┌──

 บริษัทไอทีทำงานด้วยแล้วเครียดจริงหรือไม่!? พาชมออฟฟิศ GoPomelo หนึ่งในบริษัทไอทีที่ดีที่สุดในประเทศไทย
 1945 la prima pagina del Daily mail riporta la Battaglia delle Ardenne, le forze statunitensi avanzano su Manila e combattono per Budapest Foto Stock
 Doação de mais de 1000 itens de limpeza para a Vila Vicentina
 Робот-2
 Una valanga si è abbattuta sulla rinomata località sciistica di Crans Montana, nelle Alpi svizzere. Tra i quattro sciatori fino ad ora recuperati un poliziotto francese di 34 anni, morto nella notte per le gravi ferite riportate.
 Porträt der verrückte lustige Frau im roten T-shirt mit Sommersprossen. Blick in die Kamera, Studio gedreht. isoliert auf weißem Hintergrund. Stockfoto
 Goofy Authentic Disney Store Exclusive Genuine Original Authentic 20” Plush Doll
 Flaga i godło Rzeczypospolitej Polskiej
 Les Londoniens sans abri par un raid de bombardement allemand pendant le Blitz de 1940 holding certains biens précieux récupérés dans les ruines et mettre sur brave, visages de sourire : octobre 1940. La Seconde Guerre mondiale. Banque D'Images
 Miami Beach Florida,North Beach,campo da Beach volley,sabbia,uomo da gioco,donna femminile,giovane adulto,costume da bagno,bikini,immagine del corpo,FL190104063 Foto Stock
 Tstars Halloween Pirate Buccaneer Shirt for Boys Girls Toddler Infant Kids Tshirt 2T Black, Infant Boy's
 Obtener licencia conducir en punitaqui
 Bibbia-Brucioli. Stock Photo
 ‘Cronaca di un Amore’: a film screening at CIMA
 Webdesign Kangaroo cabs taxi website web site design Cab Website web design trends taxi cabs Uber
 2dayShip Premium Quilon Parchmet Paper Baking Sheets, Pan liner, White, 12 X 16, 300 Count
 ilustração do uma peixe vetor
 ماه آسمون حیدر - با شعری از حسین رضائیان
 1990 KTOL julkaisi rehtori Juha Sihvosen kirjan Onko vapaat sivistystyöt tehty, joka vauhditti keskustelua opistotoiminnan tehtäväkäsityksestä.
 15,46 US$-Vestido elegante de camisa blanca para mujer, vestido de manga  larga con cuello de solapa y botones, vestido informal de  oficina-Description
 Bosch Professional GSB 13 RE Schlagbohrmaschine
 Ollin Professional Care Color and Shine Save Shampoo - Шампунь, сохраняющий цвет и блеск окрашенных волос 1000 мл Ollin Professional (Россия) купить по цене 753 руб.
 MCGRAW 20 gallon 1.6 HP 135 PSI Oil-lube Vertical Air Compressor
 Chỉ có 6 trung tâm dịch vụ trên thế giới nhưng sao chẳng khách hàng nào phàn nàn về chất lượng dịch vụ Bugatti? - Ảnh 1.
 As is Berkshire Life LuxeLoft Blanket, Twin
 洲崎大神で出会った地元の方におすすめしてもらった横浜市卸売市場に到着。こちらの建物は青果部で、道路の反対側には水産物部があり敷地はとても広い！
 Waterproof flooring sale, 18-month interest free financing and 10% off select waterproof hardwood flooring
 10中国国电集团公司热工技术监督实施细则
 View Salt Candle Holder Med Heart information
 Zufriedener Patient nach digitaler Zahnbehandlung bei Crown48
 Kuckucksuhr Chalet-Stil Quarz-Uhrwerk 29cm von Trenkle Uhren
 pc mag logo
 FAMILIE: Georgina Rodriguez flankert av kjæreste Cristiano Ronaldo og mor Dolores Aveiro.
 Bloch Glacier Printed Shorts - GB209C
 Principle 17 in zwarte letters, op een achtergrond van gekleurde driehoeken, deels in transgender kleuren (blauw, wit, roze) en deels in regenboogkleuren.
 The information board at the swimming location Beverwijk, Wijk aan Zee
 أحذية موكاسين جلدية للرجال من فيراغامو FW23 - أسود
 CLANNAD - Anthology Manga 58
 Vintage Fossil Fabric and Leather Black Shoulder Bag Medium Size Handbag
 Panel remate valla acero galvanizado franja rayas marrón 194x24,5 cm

└──

Give again, word for word, every line of the listing above from the one with "ماه آسمون حیدر - با شعری از حسین رضائیان" to the one with "1990 KTOL julkaisi", both inclusive, and nothing beyond them.

◆ Expected output
 ماه آسمون حیدر - با شعری از حسین رضائیان
 1990 KTOL julkaisi rehtori Juha Sihvosen kirjan Onko vapaat sivistystyöt tehty, joka vauhditti keskustelua opistotoiminnan tehtäväkäsityksestä.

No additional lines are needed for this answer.